With the 2002 baseball season approaching and fall practice coming to an end, the Bulldogs have good reason to look forward to another successful year. Last year, the 2001 squad won the SEC tournament in Hoover, Ala., and finished the season ranked No. 14 in the nation.
Mississippi State will be returning most of those players this season.
Only six players graduated and will not return in 2002.
Head coach Ron Polk does not seem too worried about the slight loss.
“I think we’ve got plenty of people to fill the spots,” Polk said. “We lost a couple key guys off last year’s team as we do every year. Any team does. We’ve got enough depth right now. We’ve just got to stay healthy.”
As head baseball coach, Polk is also filling a spot this year-one that he held for 22 years until 1998 when he began a brief stint at Georgia.
Upon his return to Mississippi State, Polk has become confident in the team, particularly in the pitching staff.
“We’ve got some experience in a lot of places, especially on the mound,” Polk said. “Our pitching situation should be good enough to keep us in ballgames.”
The Bulldogs hold ample skill at the pitching position with aces like Tanner Brock.
Brock went 7-2 last season as a junior and was named All-Conference in the SEC.
Brock also has a positive outlook on the pitching situation for the 2002 team.
“We’ve got a lot of younger guys that are going to step up this year, and we’ve got a lot of older guys coming back,” Brock said. “We didn’t really lose much pitching at all last year.”
MSU will have a strong defense away from the mound as well, including junior Matthew Maniscalco, who will be playing shortstop again in the spring.

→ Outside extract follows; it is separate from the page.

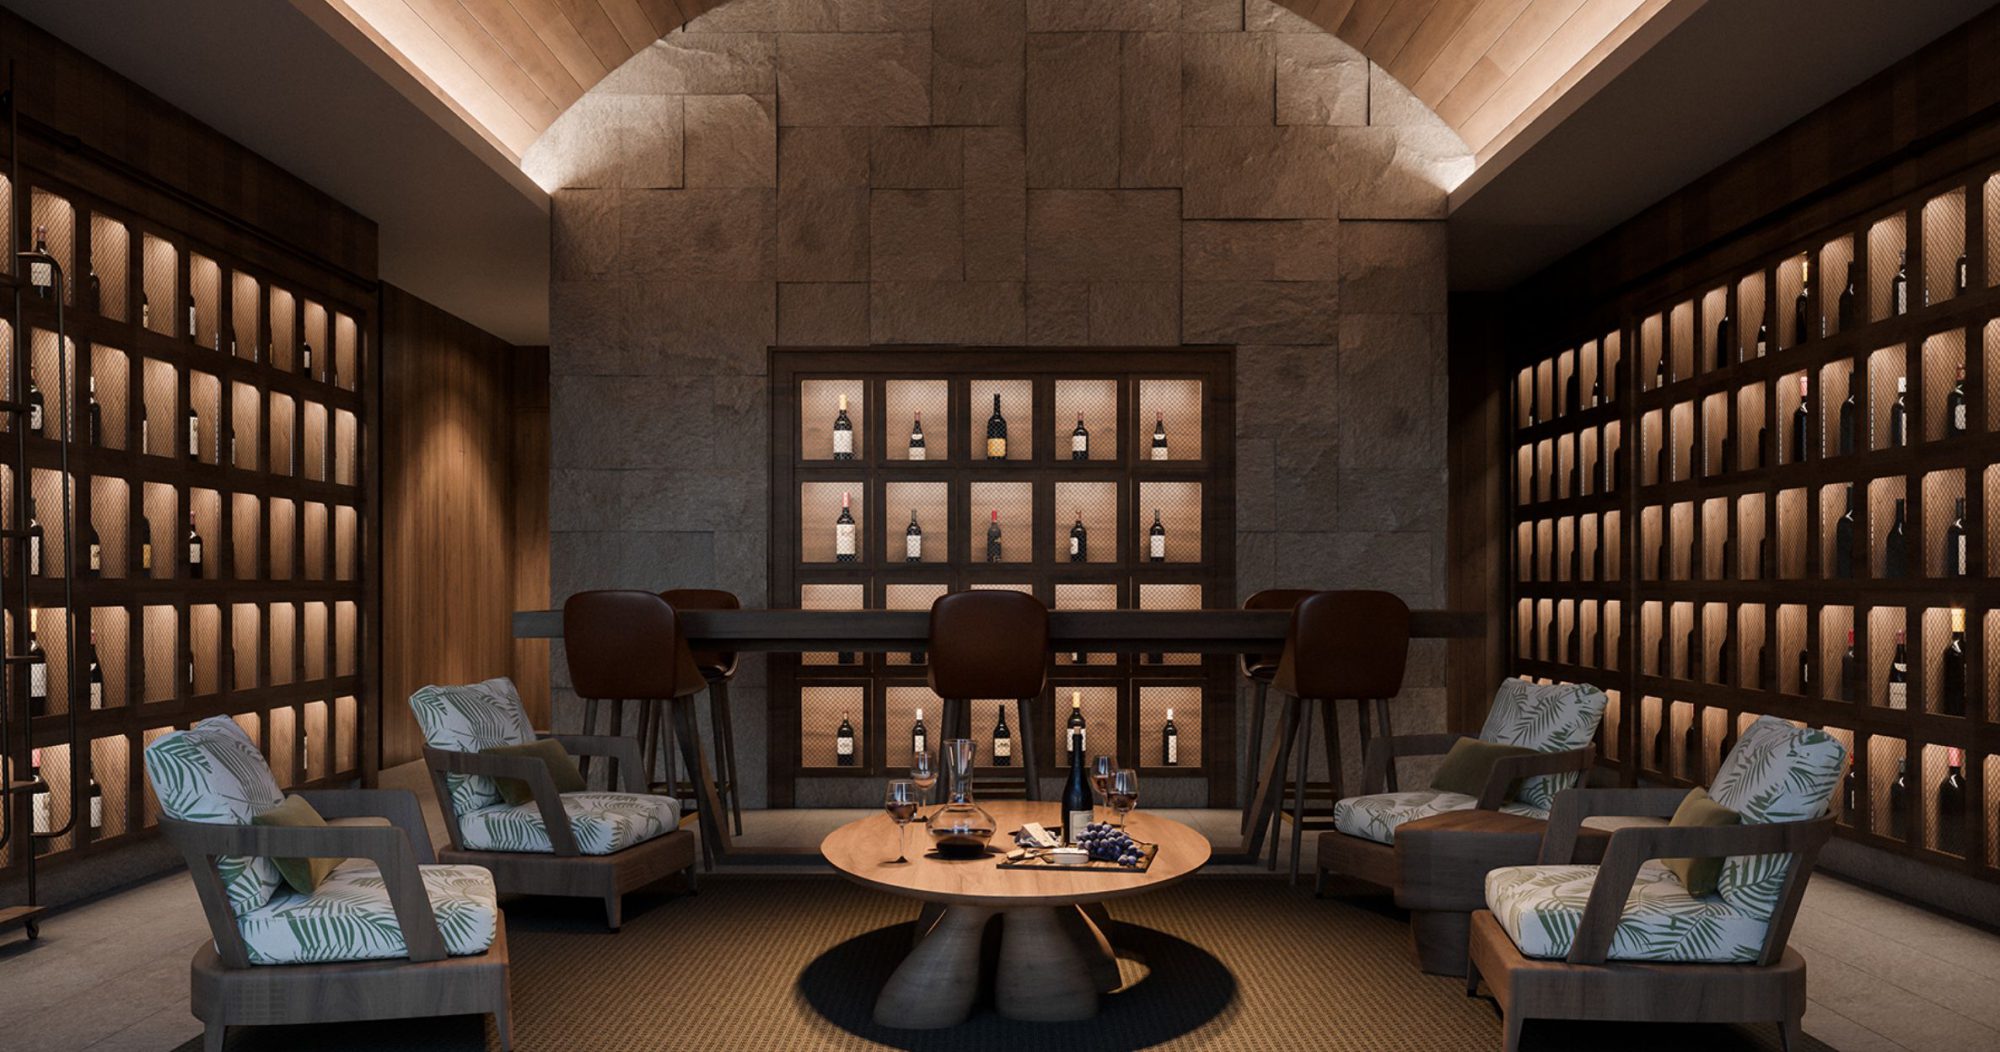 Wine room with lounge seating and bottle displayed on the walls

Maniscalco is already an accomplished infielder. As a freshman, he started all 61 games and led the SEC in fielding percentage among shortstops, assuring him a place on the Freshman All-American team.
“We’ve got our whole infield coming back. … That’s just more experience,” Maniscalco said. “Last year, we were real inexperienced, but we still had a great year defensively … I think we’re going to be stronger than we were last year.”
Polk views the team’s overall defense as its primary strength, but he realizes that they will need to provide some run support in order to win.
“We just need to do a little better job of our approach to hitting by using the whole field,” Polk said. “We need to put more pressure on the (opposing) defense by the way we generate our offense.”
Since the Bulldogs won the SEC Tournament Title as a moderate underdog in 2001, other SEC teams might be especially anxious to play them in the upcoming season.
“Everybody in the SEC is very competitive,” Polk said. “It’s just a typical SEC season coming up. Right now, there’s no one team that jumps out at you and says ‘I’m the best.'”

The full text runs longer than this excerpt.